Sharply higher funding costs yesterday sparked a 2.4 per cent fall in Westpac shares, as market volatility in cash markets crunched the bank's profit margins, adding to pressure on Australia's biggest banks to raise mortgage rates.

Numerous small lenders have already moved to hit borrowers with rate rises, but the major banks that control 75 per cent of the $1.6 trillion mortgage market have not yet moved because of political pressure on the lenders arising from the revelations at the Royal Commission.

Westpac, the nation's second largest bank, said it's net interest margin fell 11 basis points in the quarter to the end of June compared with the preceding three months. 

The net interest margin is the difference between what the bank pays for funding and what it charges borrowers, and is the key measure of it's profitability.

Westpac attributed almost half of the net interest margin decline to rising funding costs, after the bank bill swap rate rose 24 basis points over the period from mid-2017 to mid-2018. Westpac also said its profits were hit by a poorer performance by its treasury division and falling sales of more lucrative interest-only loans. 

Westpac said the number borrowers falling behind on mortgage repayments rose slightly over the period, with regular delinquencies up three basis points to 0.72 per cent of mortgages and "unsecured" consumer borrowers more than three months behind up five basis points to 1.76 per cent. 

"Credit quality metrics remain near cyclical lows," Westpac said. The bank, which has the greatest number of investor borrowers and interest-only loans on its books, said interest-only loans made up 37 per cent of its portfolio at the end of June, down from 40 per cent three months earlier. 
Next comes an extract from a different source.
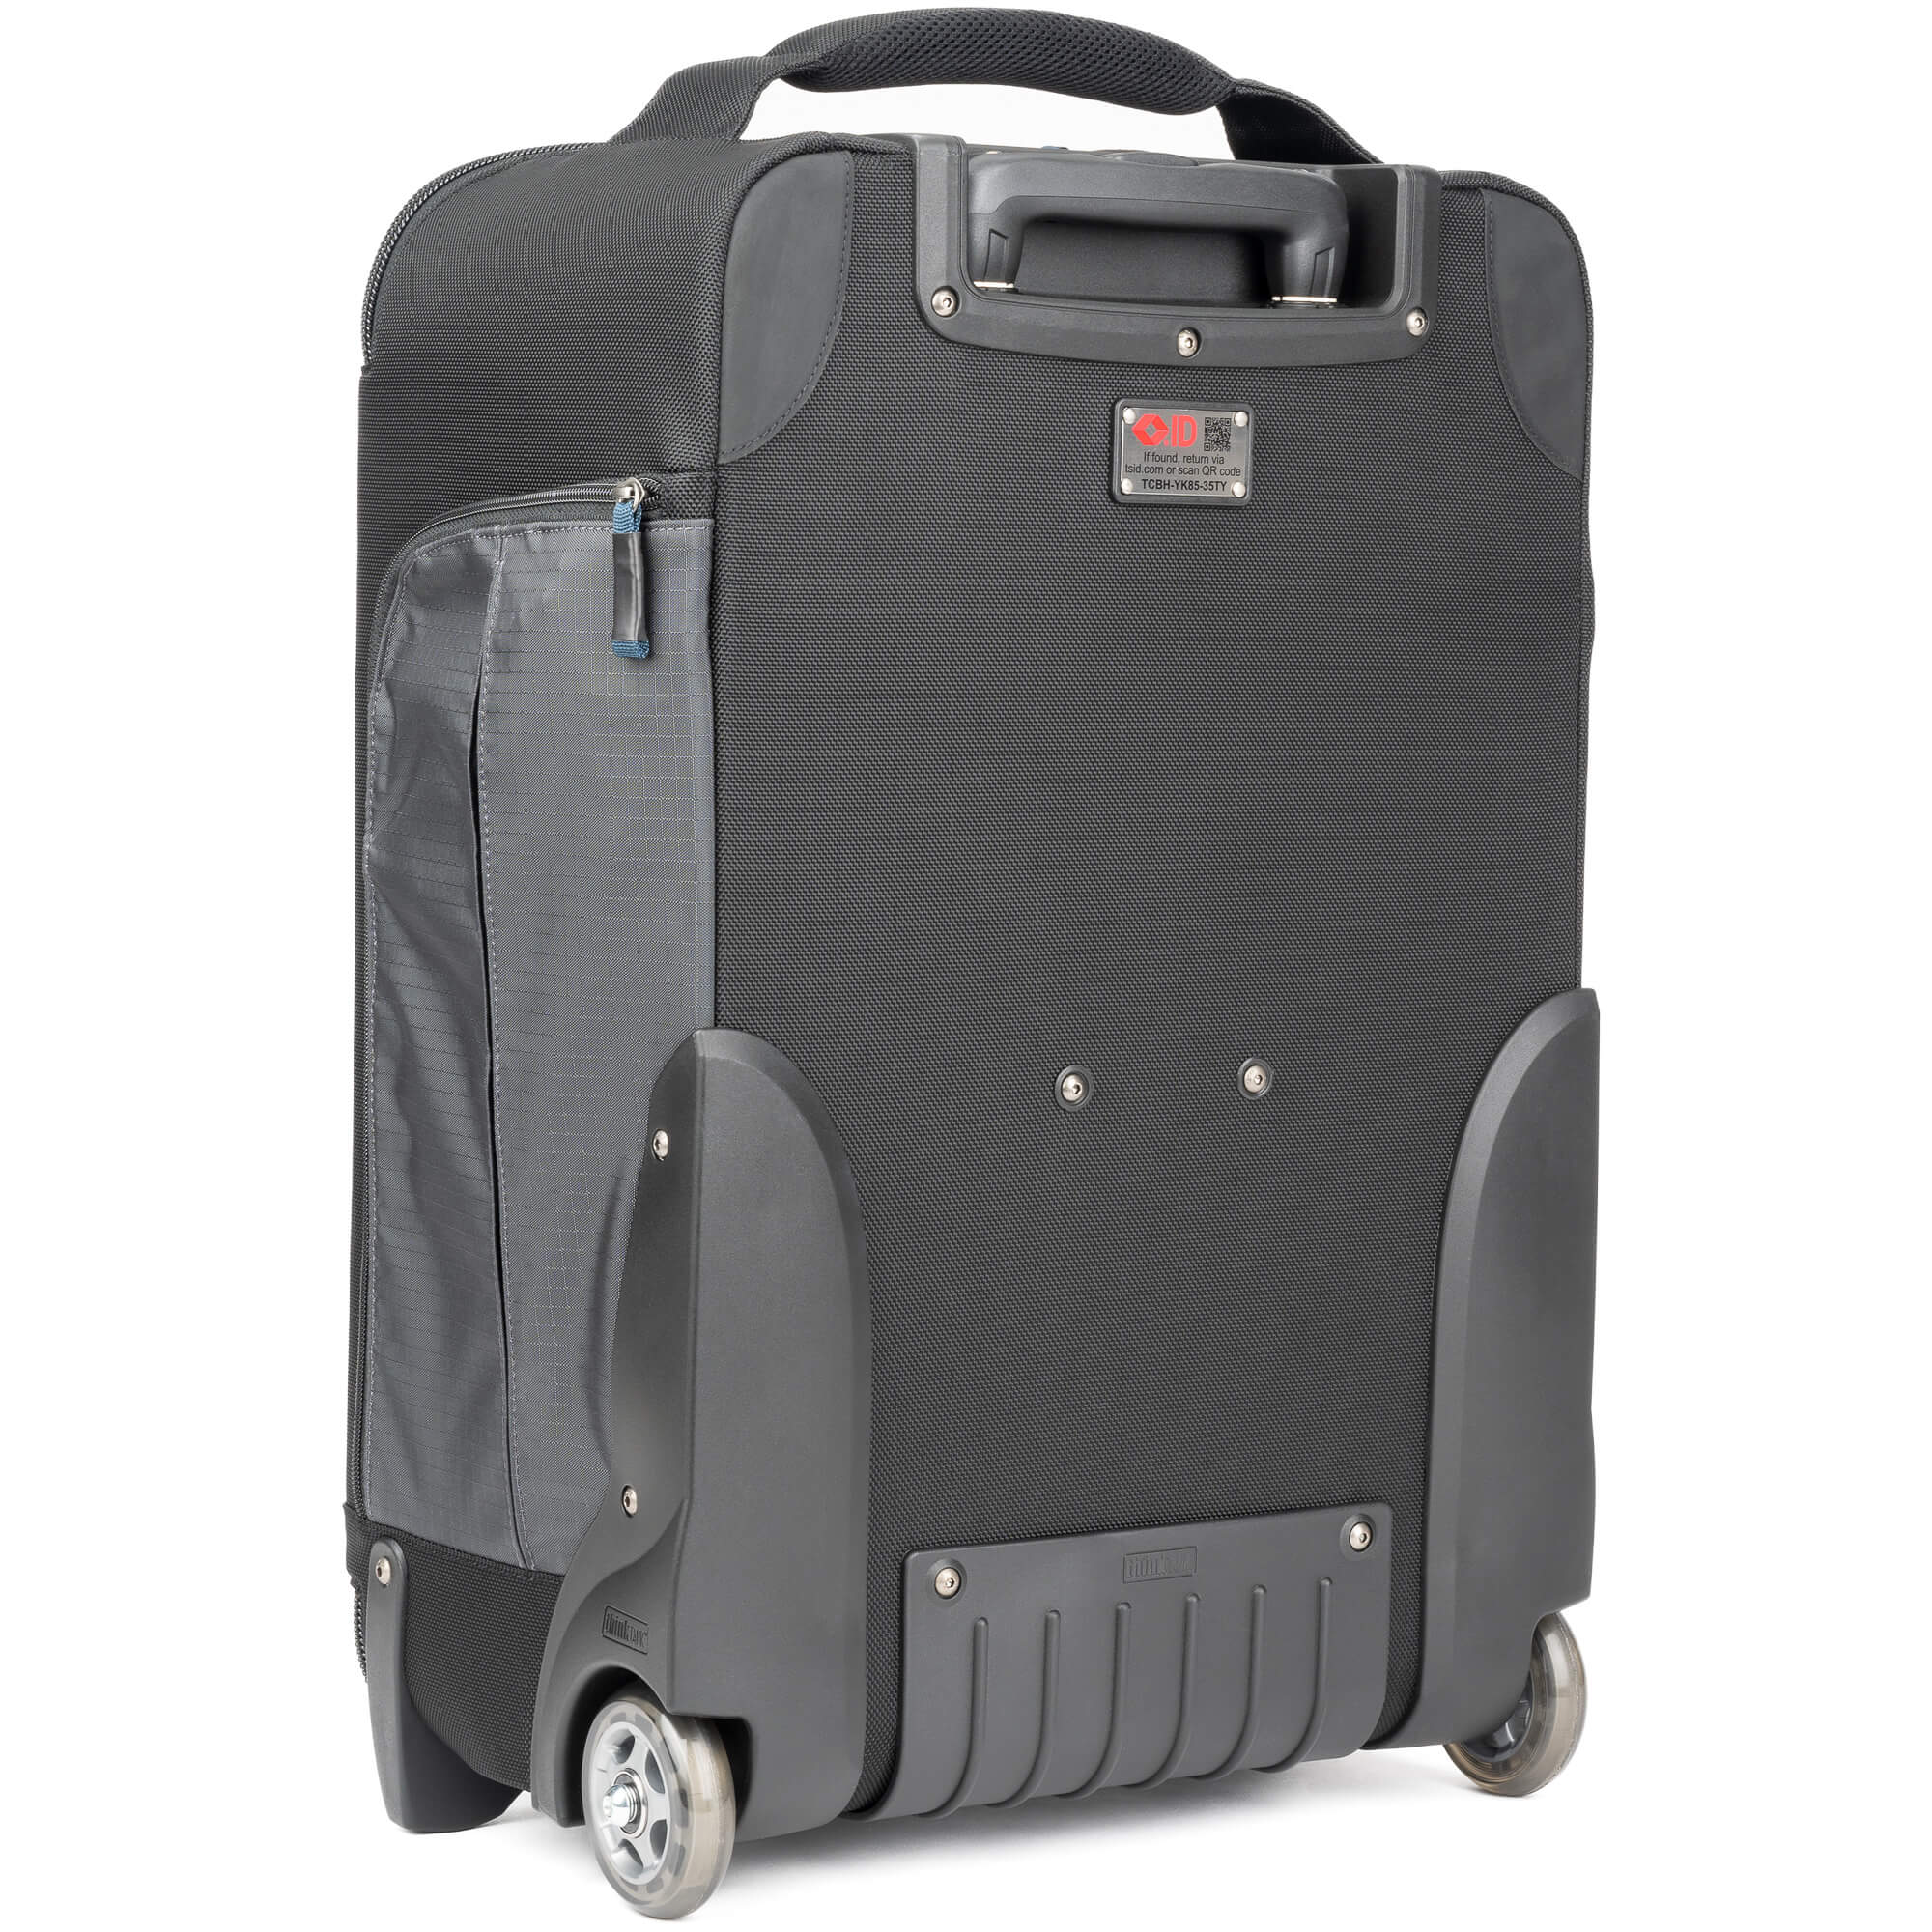 Rugged materials and user-replaceable parts extending the life of the suitcase

Borrowers holding up to $240 billion in mortgage debt have been hit with higher interest rates, as banks push through rate rises on owner-occupiers and investors.
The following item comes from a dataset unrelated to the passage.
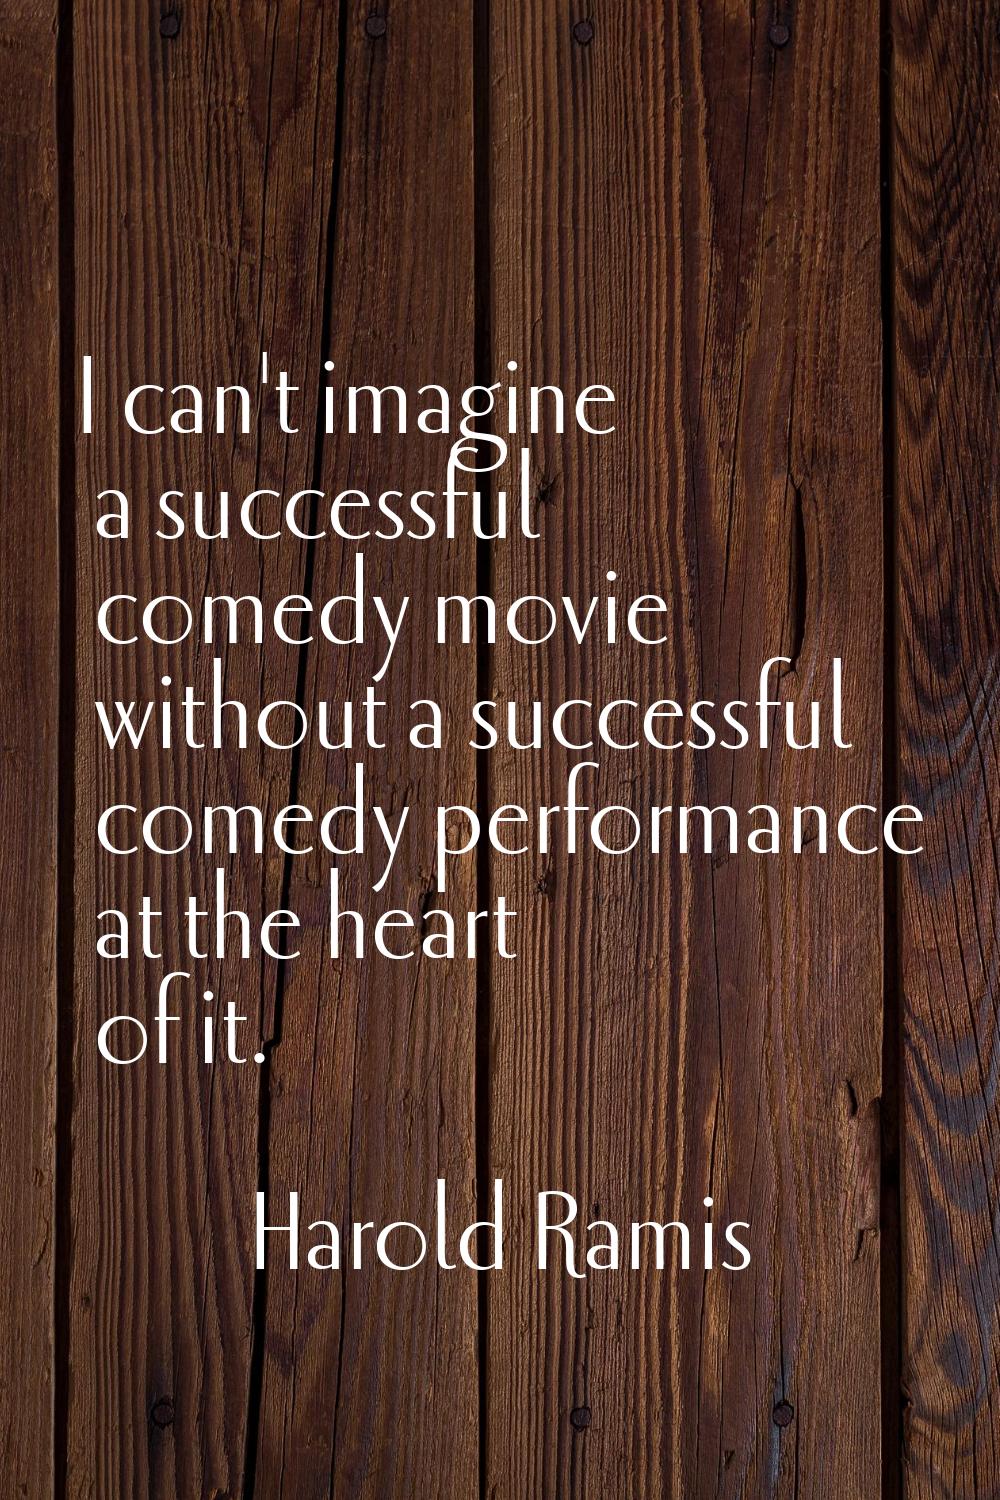 I can't imagine a successful comedy movie without a successful comedy performance at the heart of i

On top of this, higher funding costs are starting to leak through to the unregulated shadow banking sector, where many more loans worth tens of billions of dollars - often held by riskier "nonconforming" borrowers - are also facing dramatic rate increases.

Non-bank lenders, outside the scope of the Australian Prudential Regulation Authority's supervision, are forcing through rate rises as so-called warehousing finance costs skyrocket.
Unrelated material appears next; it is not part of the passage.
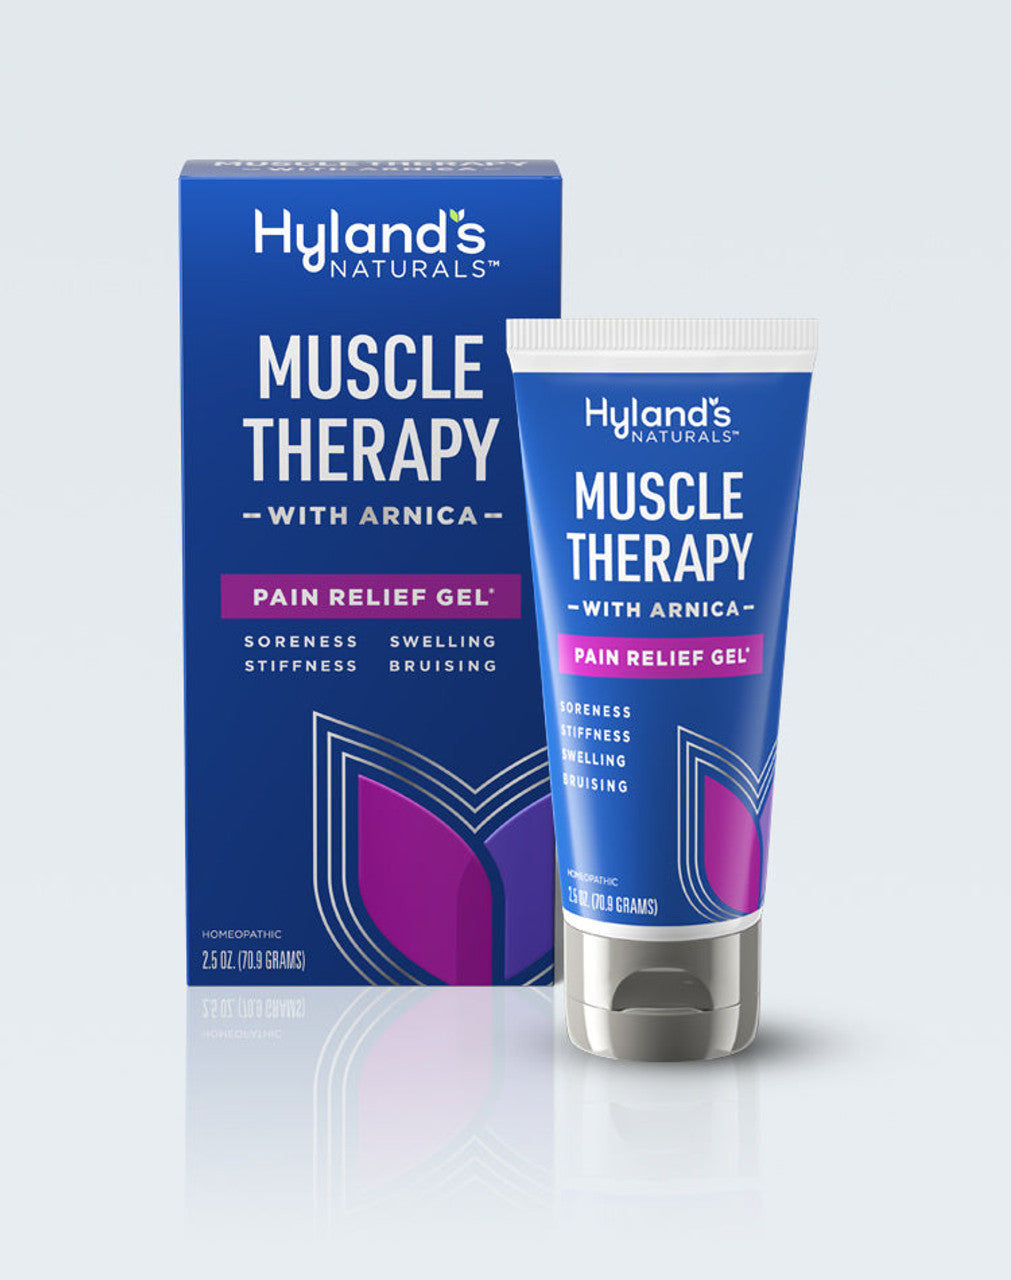 Hylands Muscle Therapy Gel with Arnica, 2.5 Oz

Along with Macquarie, other regulated lenders that have increased rates recently include AMP Bank, Bendigo Bank, Bank of Queensland, ING Direct, ME Bank, Suncorp and Citigroup, along with small lenders including Beyond Bank, Auswide Bank, MyState and QBank.

Borrowers who have bought loans from unregulated lenders such as Yellow Brick Road, Pepper Group, State Custodians, Homeloans and, Resi Mortgage Corporation, Vow Financial and others are now facing rising mortgage repayments.